Тут я прошу понять меня правильно: все мы смотрим глазами и слушаем ушами. Но выводы делаем, исходя не столько из того, что увидели и услышали, сколько из того, что ожидали увидеть и услышать. Это не значит, что мы сознательно подтасовываем реальность. Скорее бессознательно. Есть вещи для нас очевидные. Просто навскидку, исходя из нашего опыта и благоприобретённой какой-никакой способности связывать причины и следствия. И эти очевидности позволяют нам ориентироваться в окружающей реальности и поступать вроде бы адекватно. Но так ли очевидно очевидное? Вечный вопрос философии, науки и хорошего детектива.

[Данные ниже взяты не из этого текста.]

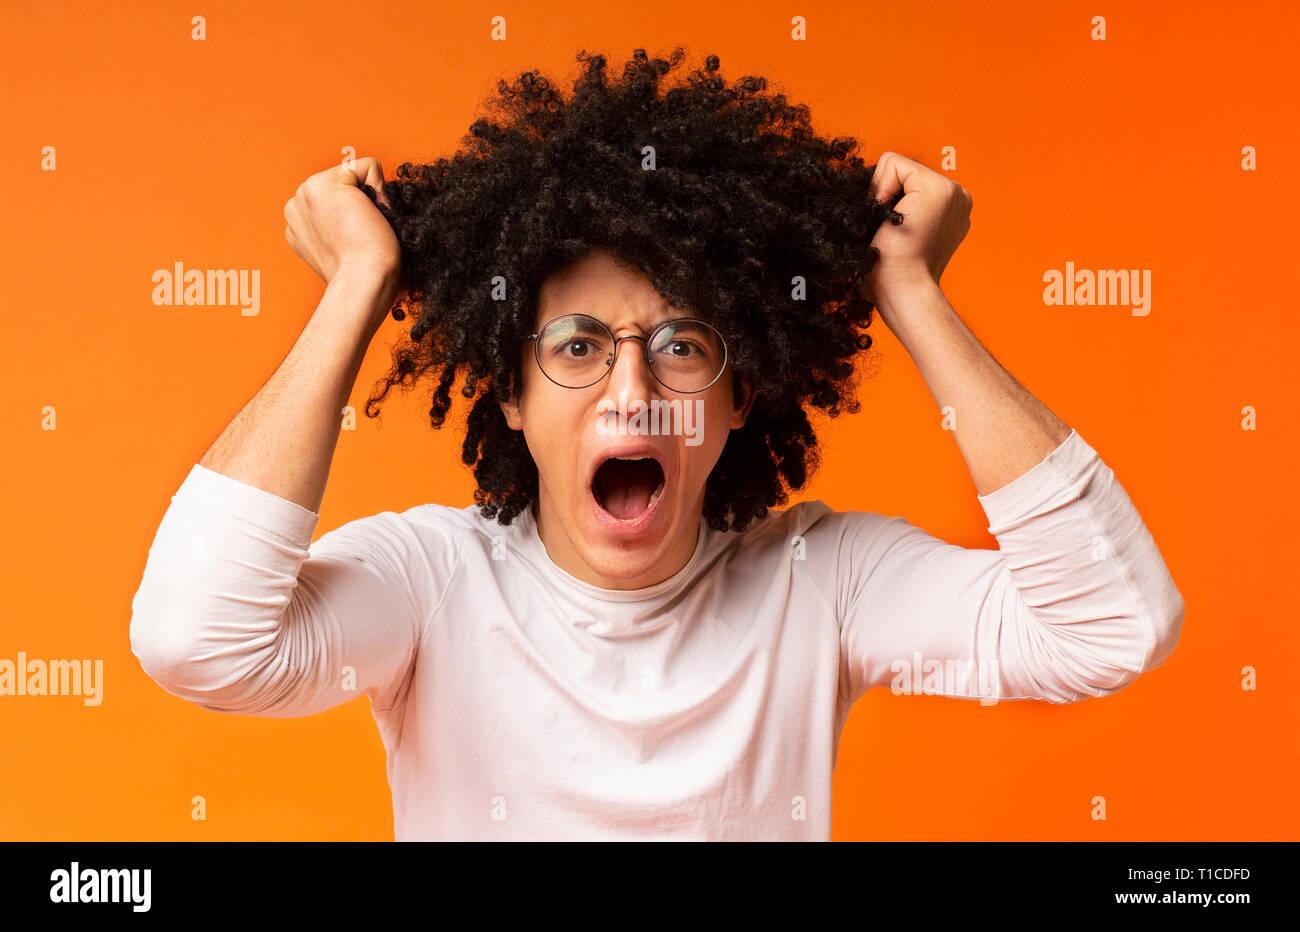 Emotional black man in despair pulling out his hair - Stock Image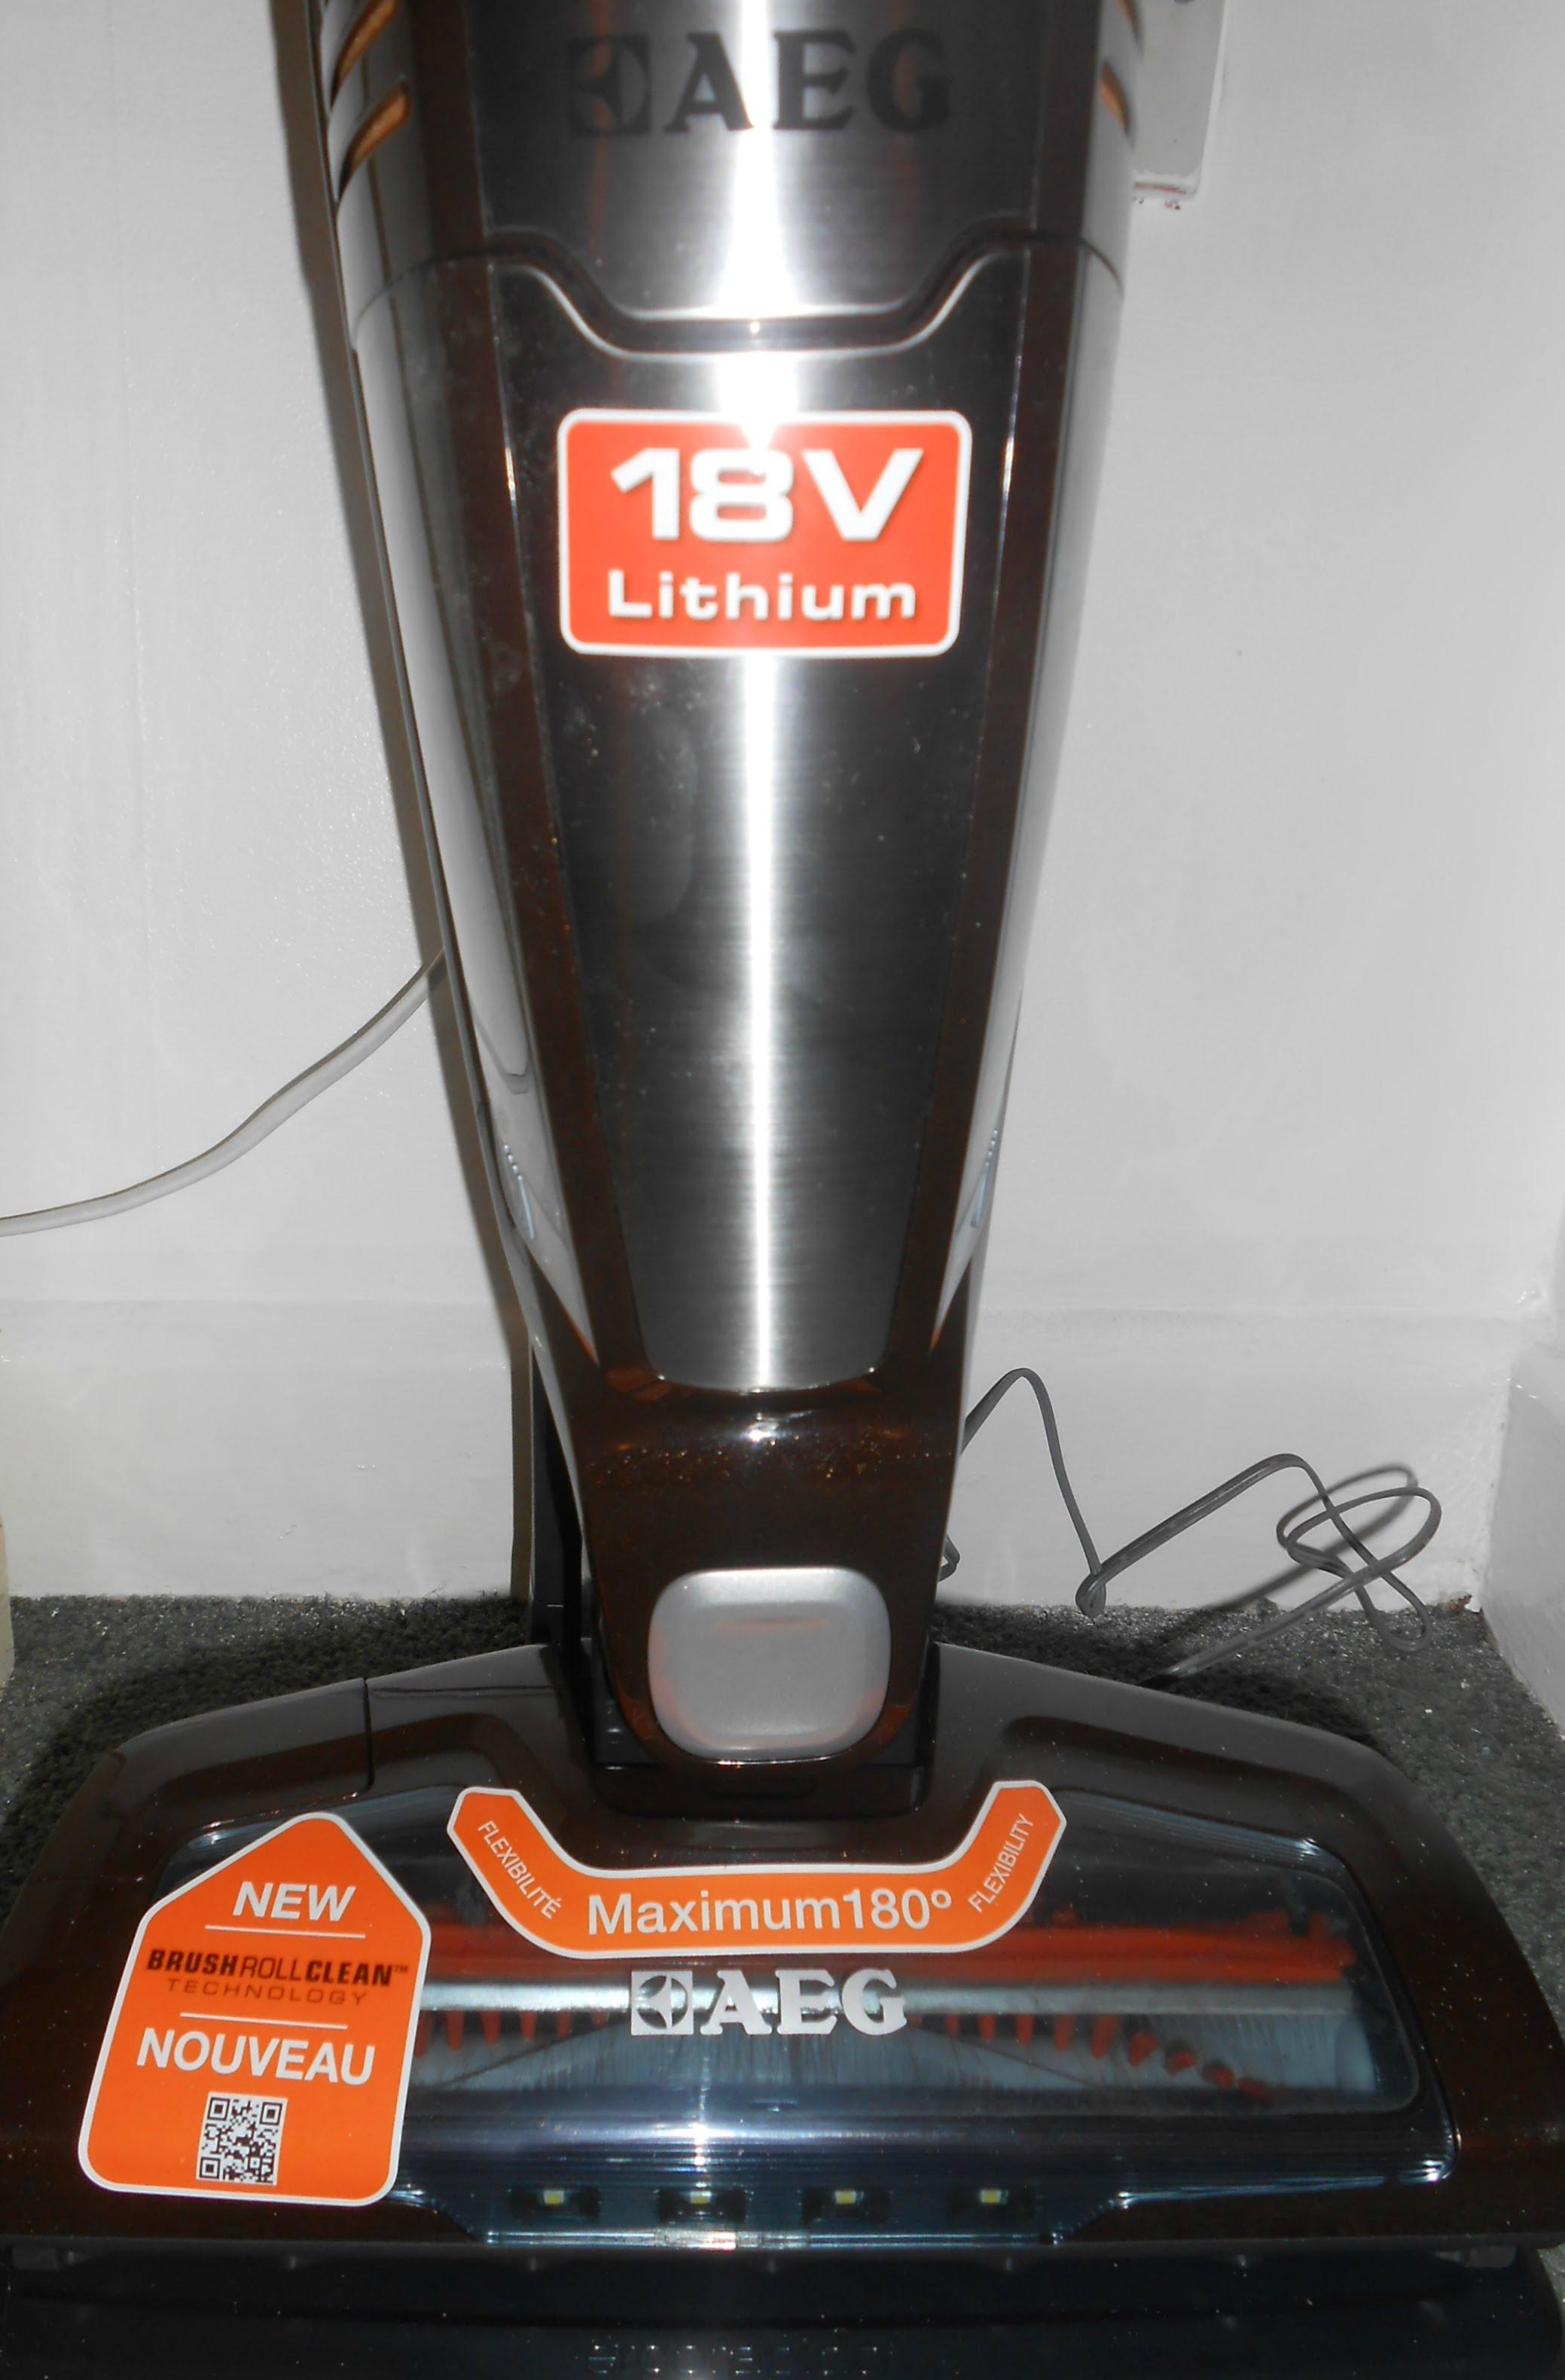 electrolux ergorapido plus lithium 18v

Дама забальзаковского возраста, мать двоих детей, закончившая вуз во времена перестройки и всю жизнь мыкавшаяся по бюджетным организациям, в определённый момент жизни решила вспушить себя. А чё? Дети поразъезжались, быт налажен. В доме бюджетный же достаток: на капитальный ремонт квартиры семья не тянет, но всё необходимое для комфортной жизни есть. А время идёт. Дама, надо сказать, для своего возраста вполне ничего, регулярно потеет в качалке, по лицу вообще не дашь тех лет. А тут новые технологии. В общем, наскребла с зарплатки и нарастила волосы. Ну, немного перестаралась с количеством заказанных прядей. В первый же раз! Нашла мастера, промордовалась шесть часов в парикмахерском кресле и на выходе получила что-то вроде египетской аристократки времён Среднего царства. Эффект сногсшибательный. Немного бижутерии, облегающее чёрное, ибо дама по жизни предпочитает образ венчально-погребальный. Походка летящая и по жизни, и потому, что все взгляды теперь на ней. И, как предсказуемый результат, коллекция коллизий. Третье место в рейтинге заняли обычные комплименты от сотрудниц, незнакомых мужчин и даже рыночных торговок. Серебро взял хозяин местной порностудии, проявивший к эффектной даме упорно не понятый ею интерес. Как говорят у нас в семье: «Мы намёки понимаем. Мы их не замечаем». Но золото по праву присуждается мужику, лица которого я даже не видела. Рыся с любимым рыночным рюкзачком домой по проспекту и бодро лавируя среди нечастых прохожих, я вдруг услышала в спину злобное мужское шипение, эдакий суфлёрский шёпот, как раз и рассчитанный на то, чтобы адресат внял и устыдился: «Совсем распоясалась золотая молодёжь!» Спасибо тебе, мужик! И за молодёжь в мой с копейками полтинник! И за золотую с моей жизнью от зарплаты до зарплаты! И за урок. Впрочем, урок у меня уже был. Но в тот раз, мой проницательный друг, я оказалась в твоём амплуа.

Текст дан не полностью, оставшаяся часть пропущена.